A growing number of people are choosing to both live and work in York Region, which is on track to meet 2031 population and employment forecasts. At the same time, it continues to take steps to protect its natural environment.
According to the 2018 Regional Official Plan Monitoring Report, the live/work ratio increased more than two per cent between 2011 and 2016 and is expected to rise further. That’s important because it indicates the jobs in the Region continue to provide a better match to the skills of its residents, the report explains.
“I expect the live/work ratio to increase in York Region as companies are looking for more than just office space,” City of Markham Regional Councillor Joe Li, Chair of the Region’s Planning and Economic Development, says in a statement. “They continue to seek out strategic office locations supported by infrastructure, transit and close to desired amenities – places where their employees can thrive.”
A strong live/work ratio has a number of positive advantages on transportation and the economy. Providing quality jobs in the Region strengthens the economy and makes the Region more attractive to existing and potential businesses and investors. Shorter commute times and less traffic congestion on roads will improve the quality of life increasing the ability to attract and retain the right workforce.
Other report highlights:
• More than 600 hectares of land have been protected since 2009, further strengthening the Region’s Greenlands System
• The Region is achieving diversity of housing mix and shifting towards higher density forms of housing, with medium and high-density housing forms up 21 per cent since 2012
• There is more than one job for every two residents
• Annual gross farm receipts increased 28 per cent from 2001 to 2016
• Overall transit use is up in York Region, with less residents relying on the car
“Significant progress continues to be made towards achieving our long-range planning targets, maintaining a sustainable natural environment, creating healthy communities and encouraging economic vitality,” said York Region Chairman and CEO Wayne Emmerson. “I’m pleased with the progress made towards building the kind of communities we want future generations to inherit.”

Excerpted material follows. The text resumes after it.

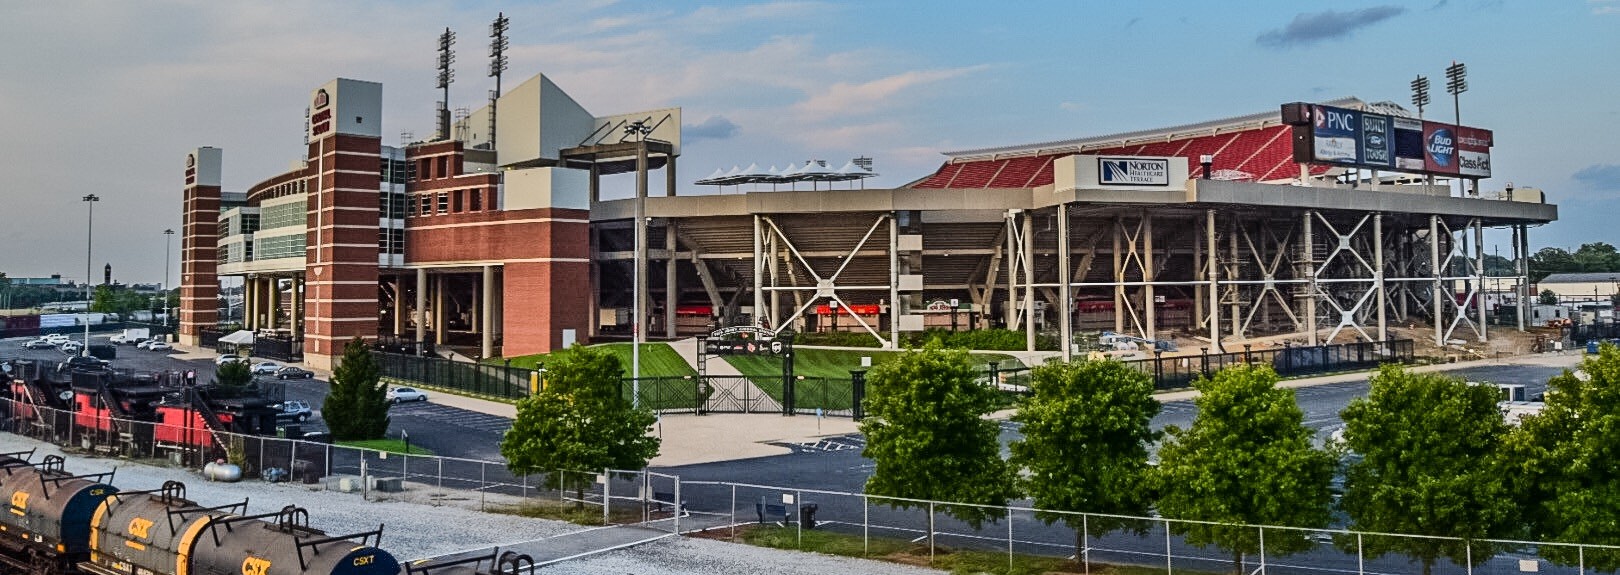 Papa John's Cardinal Stadium Photo by Seth Bloom. 2015. Fitted

With 17 of 22 indicators trending in the right direction, the Region says the monitoring report shows it is well on its way to meeting the objectives set out in its Official Plan (York.ca/regionalofficialplan). Two indicators have not trended in the right direction: loss of agricultural land (a result of lands converted for urban uses through amendments) and employment lands converted (a result of the conversion several sites to non-employment uses, including residential and major retail).
The York Region Official Plan is part of the Region’s Vision for the future. In addition to guiding York Region’s Strategic Plan it outlines growth management policies on city building, complete communities, agriculture and rural areas as well as on infrastructure and service provisions.